Kansas rains were few and far between during the wheat growing season, but they have become a regular presence during the 2018 harvest. As the precipitation record has ticked higher and higher over the last few weeks, weeds have inched taller and taller in Kansas wheat fields and pose an issue to farmers… To spray or not to spray, that is the question. Farmers face dockage, or even refusal, at the elevator if their wheat exceeds a tolerance level. But when farmers spray herbicide to kill the weeds, they must wait an allotted number of days and chance the exposure of more rain to their crop while extending this marathon of a harvest even further.
Mike McClellan, a Rooks County farmer, reported that his fields received anywhere from 1.5 to 4.5 inches of rain on Saturday evening. Farmers who received the lighter end of the range may try to get harvest rolling again Monday, but McClellan expects that it may turn into a muddy mess. Between starting and stopping for rains, McClellan is still toward the beginning of his harvest and expects to be harvesting for at least another two weeks.
“It feels like we’re still going to be cutting at Christmas,” said McClellan. “In 1993, we cut wheat in June, July and August, and it may just be on track for that this year.”

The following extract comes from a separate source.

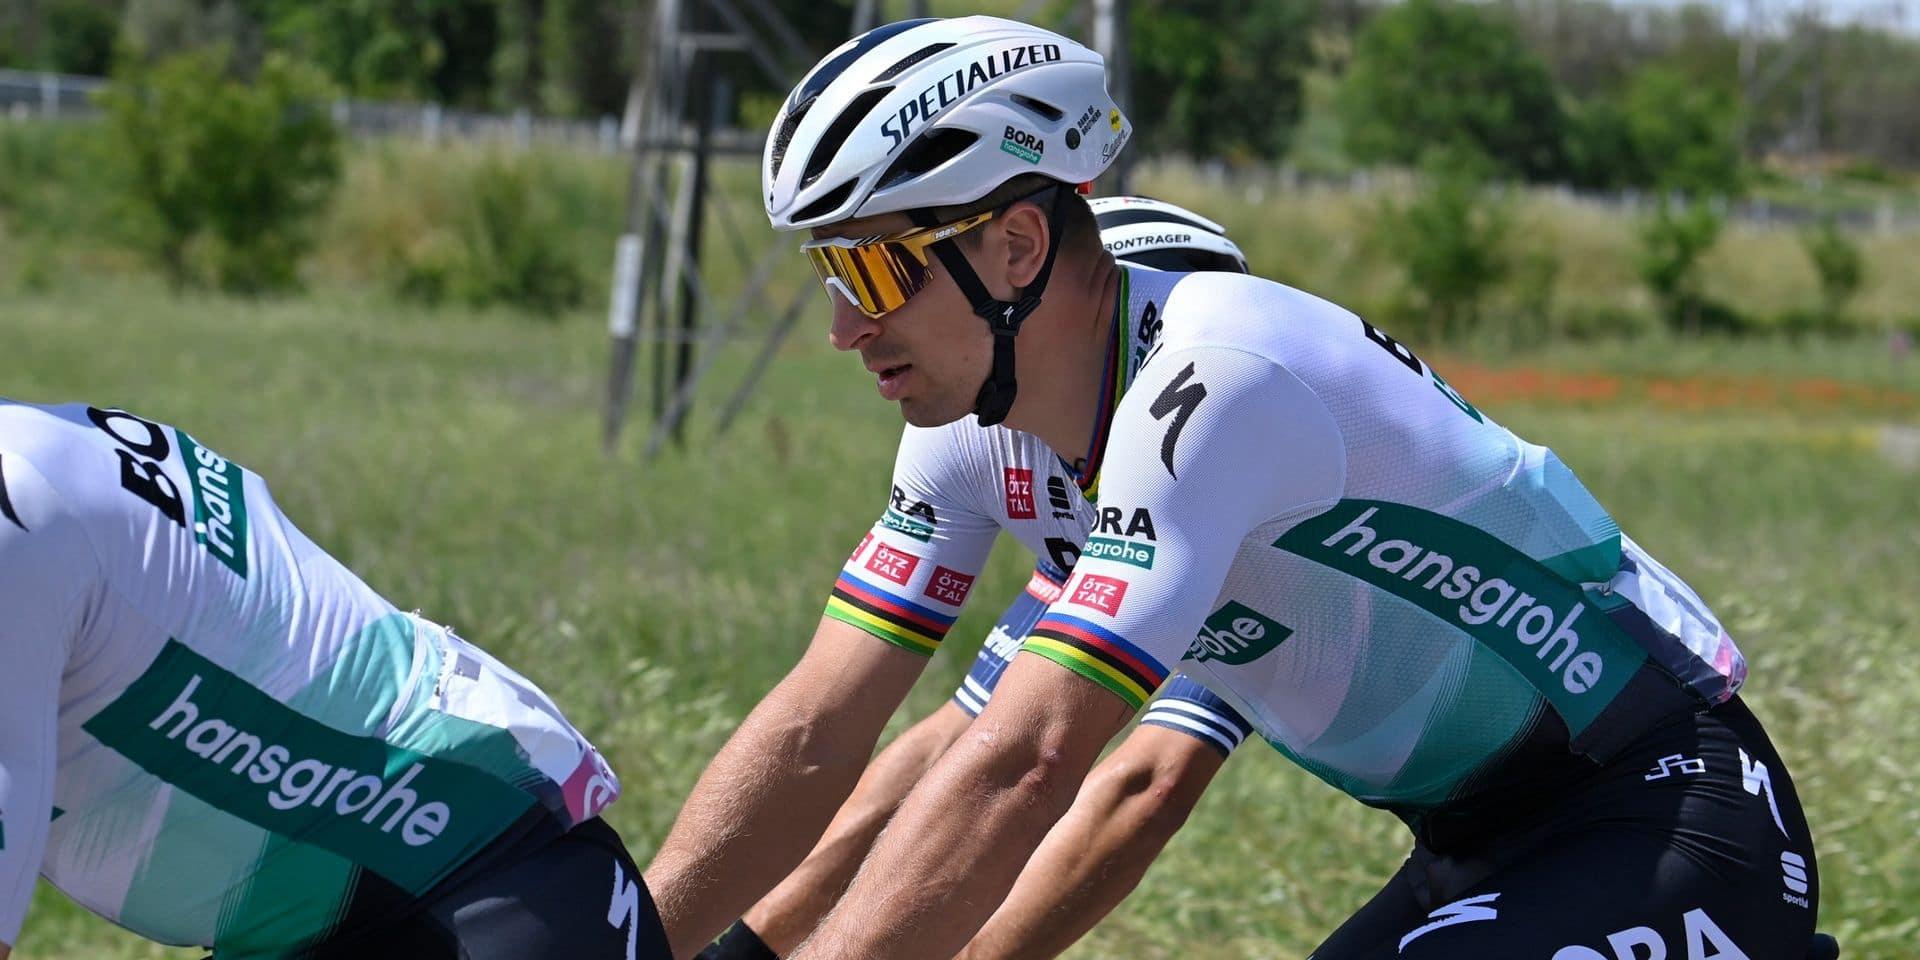 Giro : Sagan remporte la 10e étape au sprint, Evenepoel grappille une seconde à Bernal (VIDEO)

Yields for the two fields he has cut so far had exceeded expectations at 54 and 53 bushels per acre, but McClellan estimates that it’ll be all ‘downhill from there’ with expectations of some of his other fields to yield in the teens and twenties. Test weights have ranged from 58-62 pounds per bushel, but more rains mean the possibility of test weights dropping. Proteins in the area are higher than average.
Harvest for Jenny Goering in Kearney County has also been dotted with rains. But the Goering family narrowly avoided the heavy rains and plans to resume cutting on Monday. Goering reported that their harvest is around halfway done and expects to be finished in about a week.
Yields on the Goering’s organic wheat in the area have ranged from 20-30 bushels per acre, better than what she had expected going into the harvest season. Test weights have stayed above 60 pounds per bushel.
“Weeds will definitely put the pressure on us as we continue to cut,” said Goering. “We’re still in the middle of it, but we just have to keep going and keep our heads up.”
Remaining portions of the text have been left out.